Further, when you merge, you're trying to merge back into the same, original array.
So you are trying to do everything in place within the same base array. And that doesn't work, in particular, in-place merging.
You need to clone your slices as you split and merge, using make()
and copy()
. That leads you to this implementation, which you can fiddle with here in the Go Playground.
Where merge sort shines is sorting linked lists, as no extra space is required.
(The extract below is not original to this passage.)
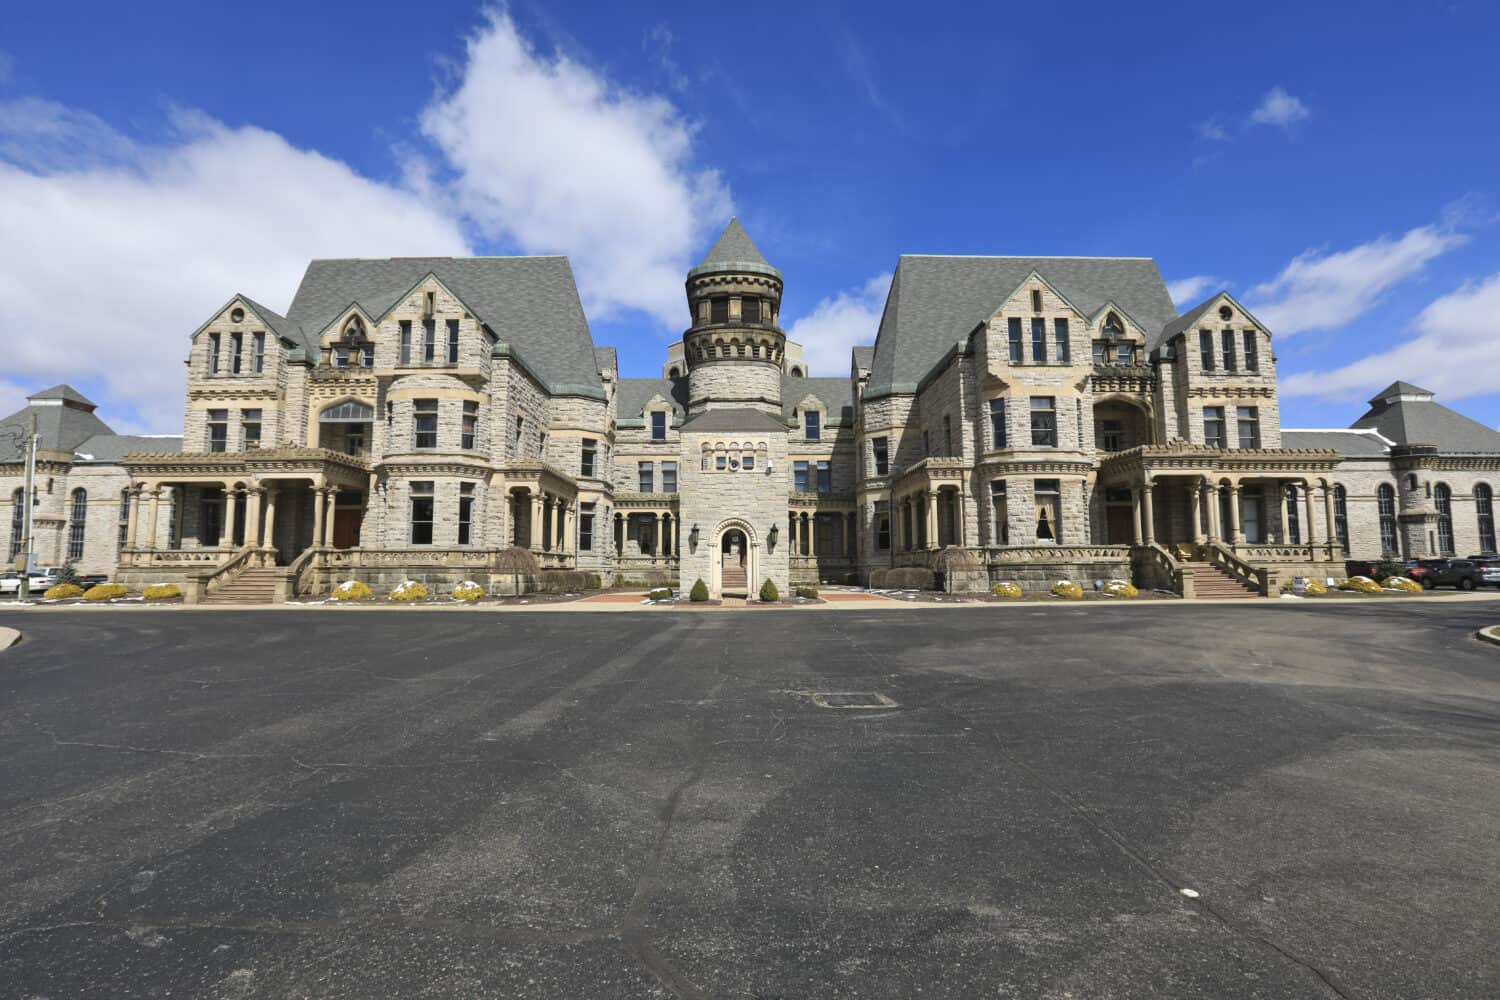 The Ohio State Reformatory in Mansfield Ohio is on the register of historical places. Tours operate daily, making it a popular tourist attraction.

That's already present in the form of each node's pointer to the next node:
package main
import (
"fmt"
)
func main() {
unsorted := []int{10, 1, 9, 2, 8, 3, 7, 4, 6, 5, 0, 5, 6, 4, 7, 3, 8, 2, 9, 1, 10}
sorted := sort(unsorted)
fmt.Println(sorted)
}
func sort(unsorted []int) []int {
// get the length of the source slice
n := len(unsorted)
// The terminating special case:
// slices of length <= 1 is sorted by definition
if n <= 1 {
return clone(unsorted)
}
// compute the offset to the midpoint
m := n / 2
// divide the source slice into two halves,
// then recursively sort them,
// and merge them to produce the sorted slice
sorted := merge(
sort(clone(unsorted[:m])),
sort(clone(unsorted[m:])),
)
return sorted
}
func merge(a []int, b []int) []int {
aMax := len(a)
bMax := len(b)
// construct a new slice to contain the merger of the two slices
c := make([]int, aMax+bMax)
// initialize our indices
i := 0 // offset to the current element in the 'a' slice
j := 0 // offset to the current element in the 'b' slice
k := 0 // offset to the current element in the 'c' slice
// while we have both an 'a' element and a 'b' element...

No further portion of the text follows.